An exact copy is needed of the lines in the entries below from the line with "00ac9b3460e22 Barcelona Shoe" up to and including the line with "Drawing Eyes Tutorial", and of nothing else. Leave the pictures out.

» Provided data
========================================================================

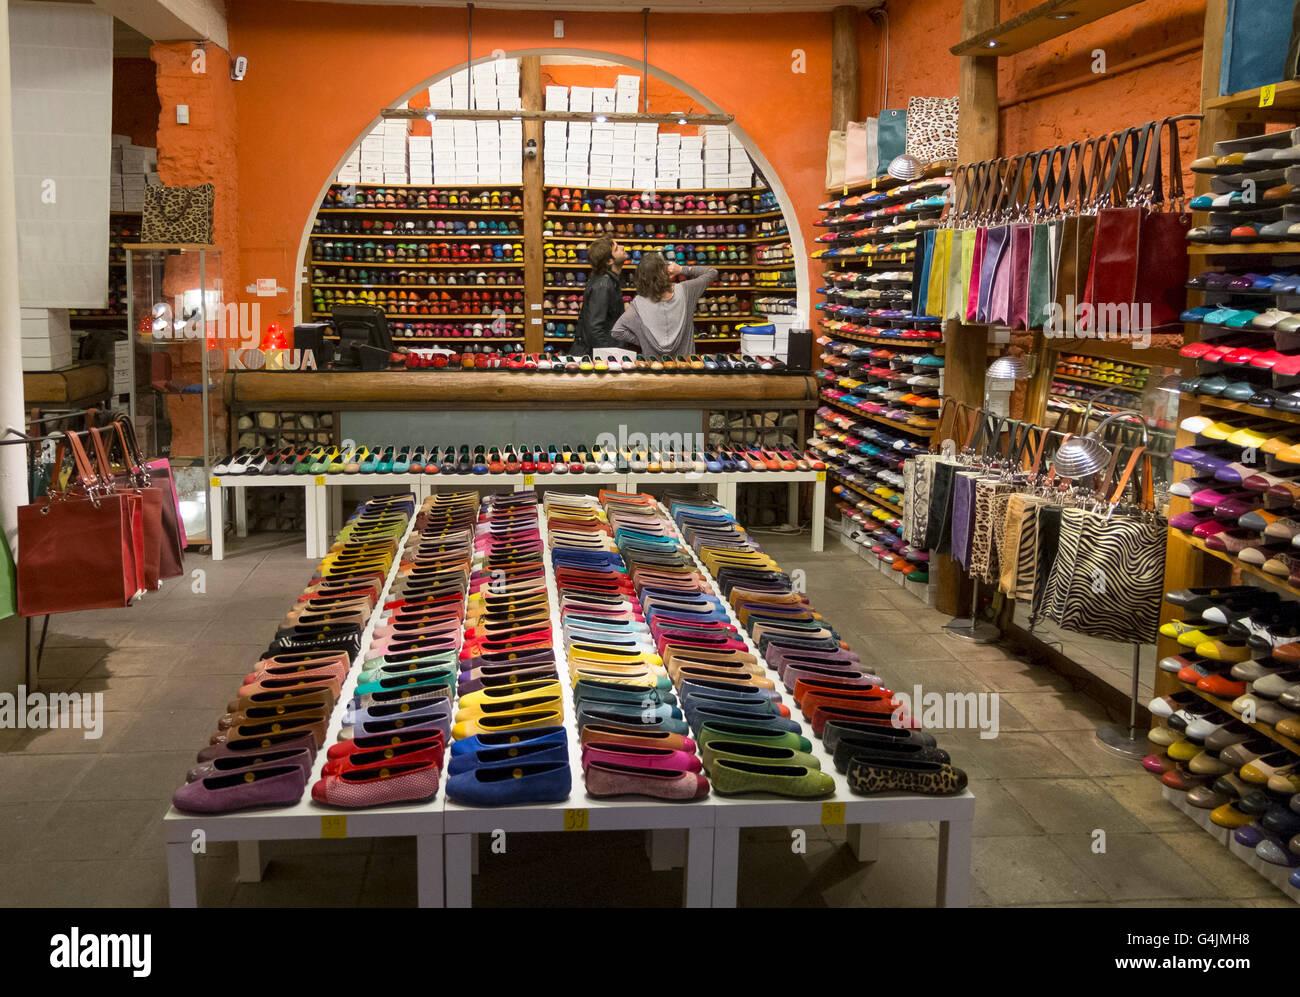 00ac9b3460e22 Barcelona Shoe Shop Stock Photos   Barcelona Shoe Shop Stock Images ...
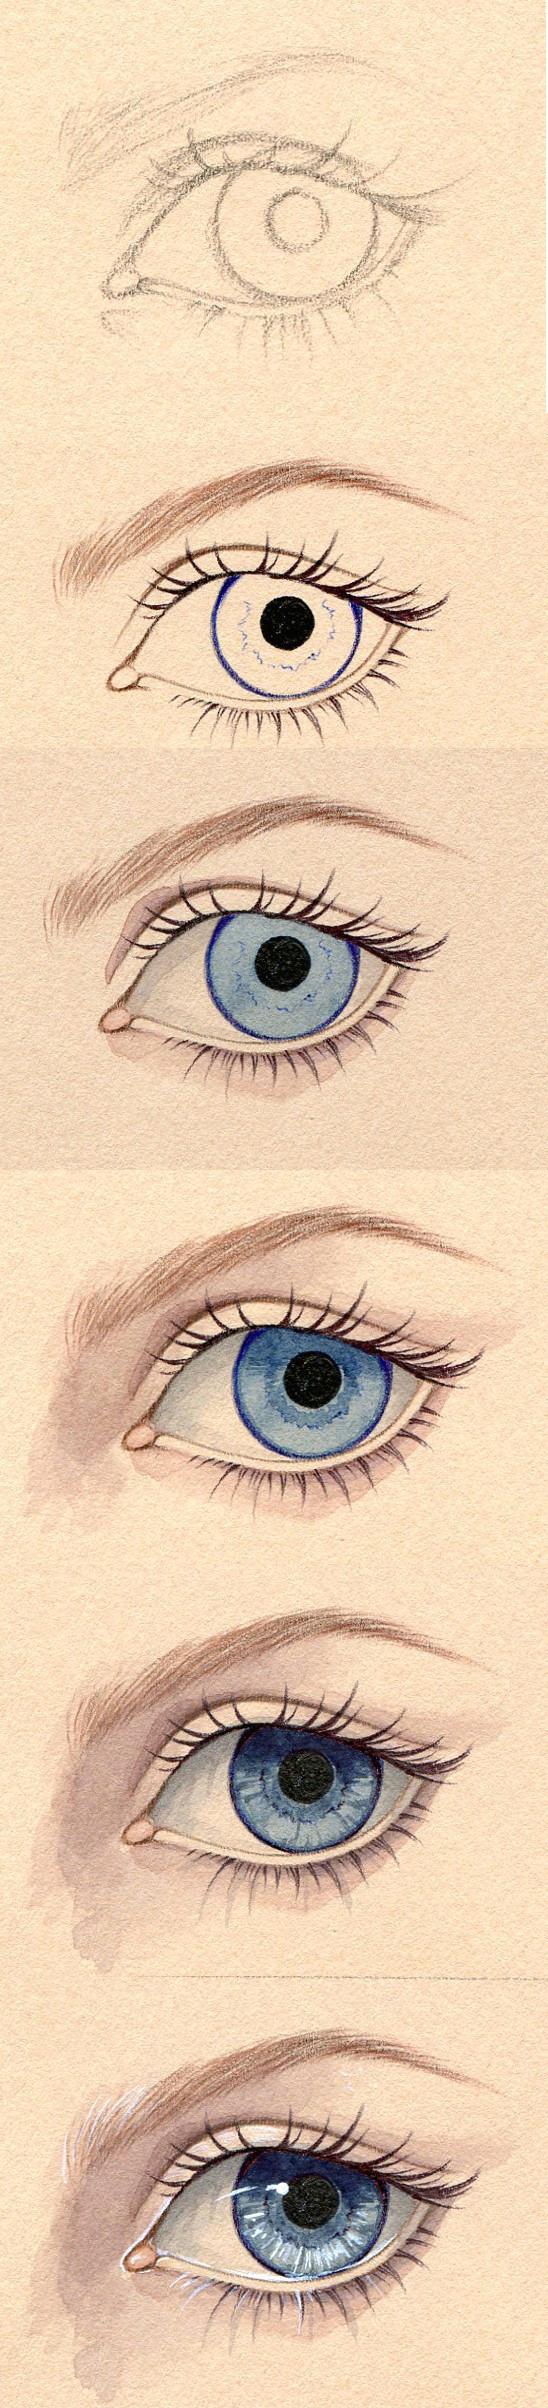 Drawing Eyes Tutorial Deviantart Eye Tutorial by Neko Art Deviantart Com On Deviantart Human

========================================================================

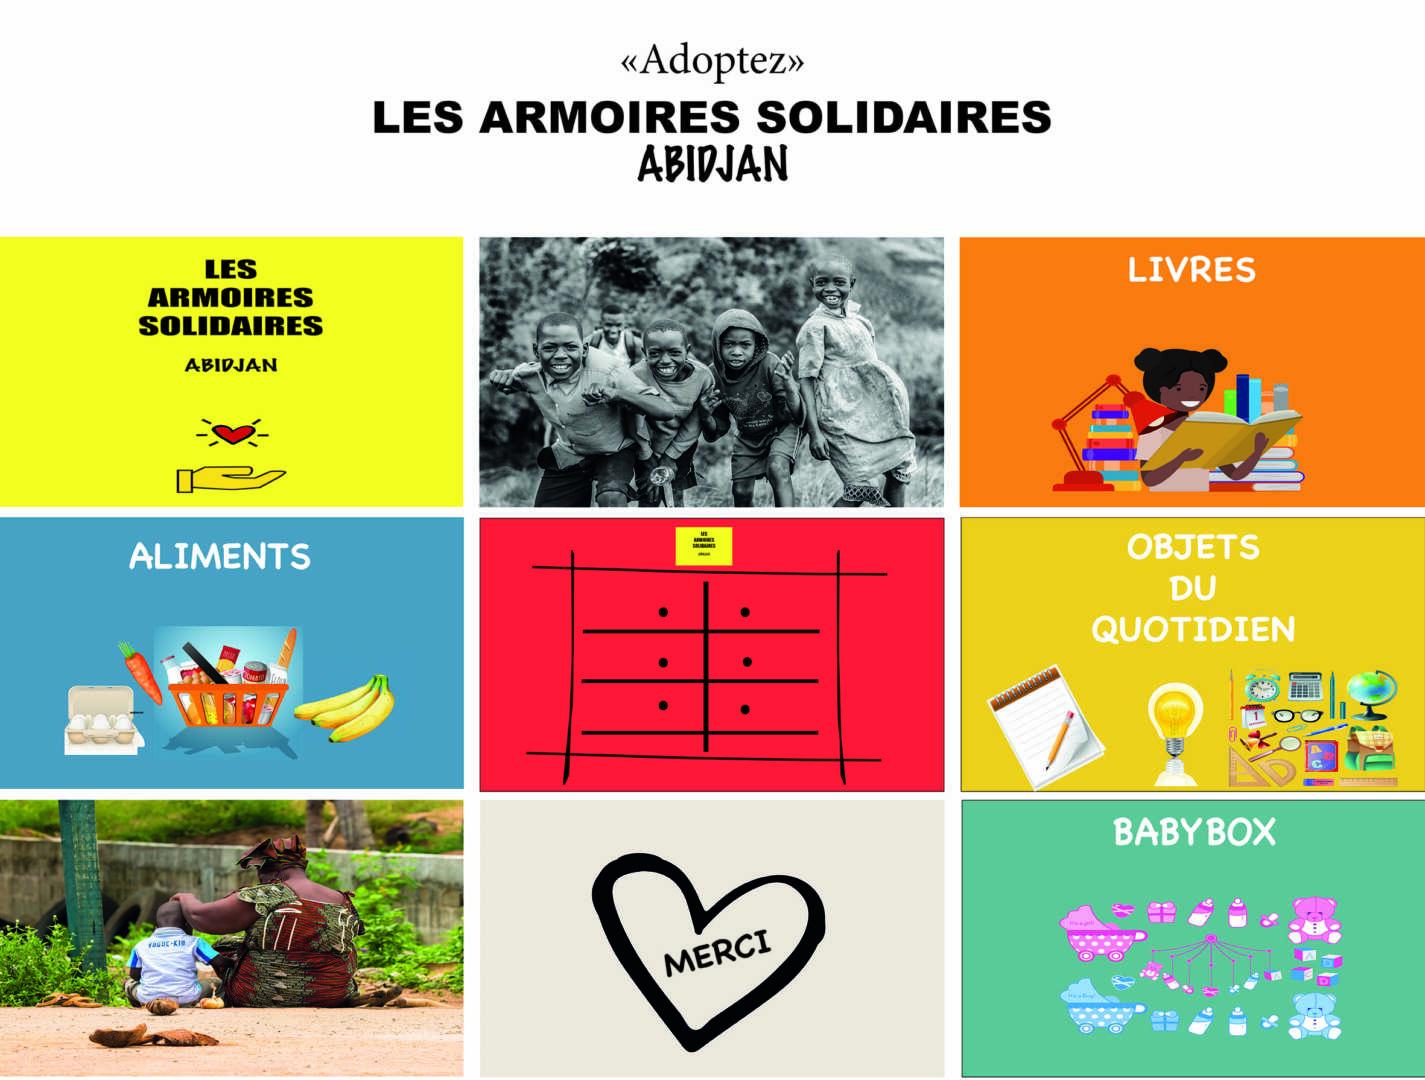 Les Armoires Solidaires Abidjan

========================================================================

» Solution for this problem
 00ac9b3460e22 Barcelona Shoe Shop Stock Photos   Barcelona Shoe Shop Stock Images ...
 Drawing Eyes Tutorial Deviantart Eye Tutorial by Neko Art Deviantart Com On Deviantart Human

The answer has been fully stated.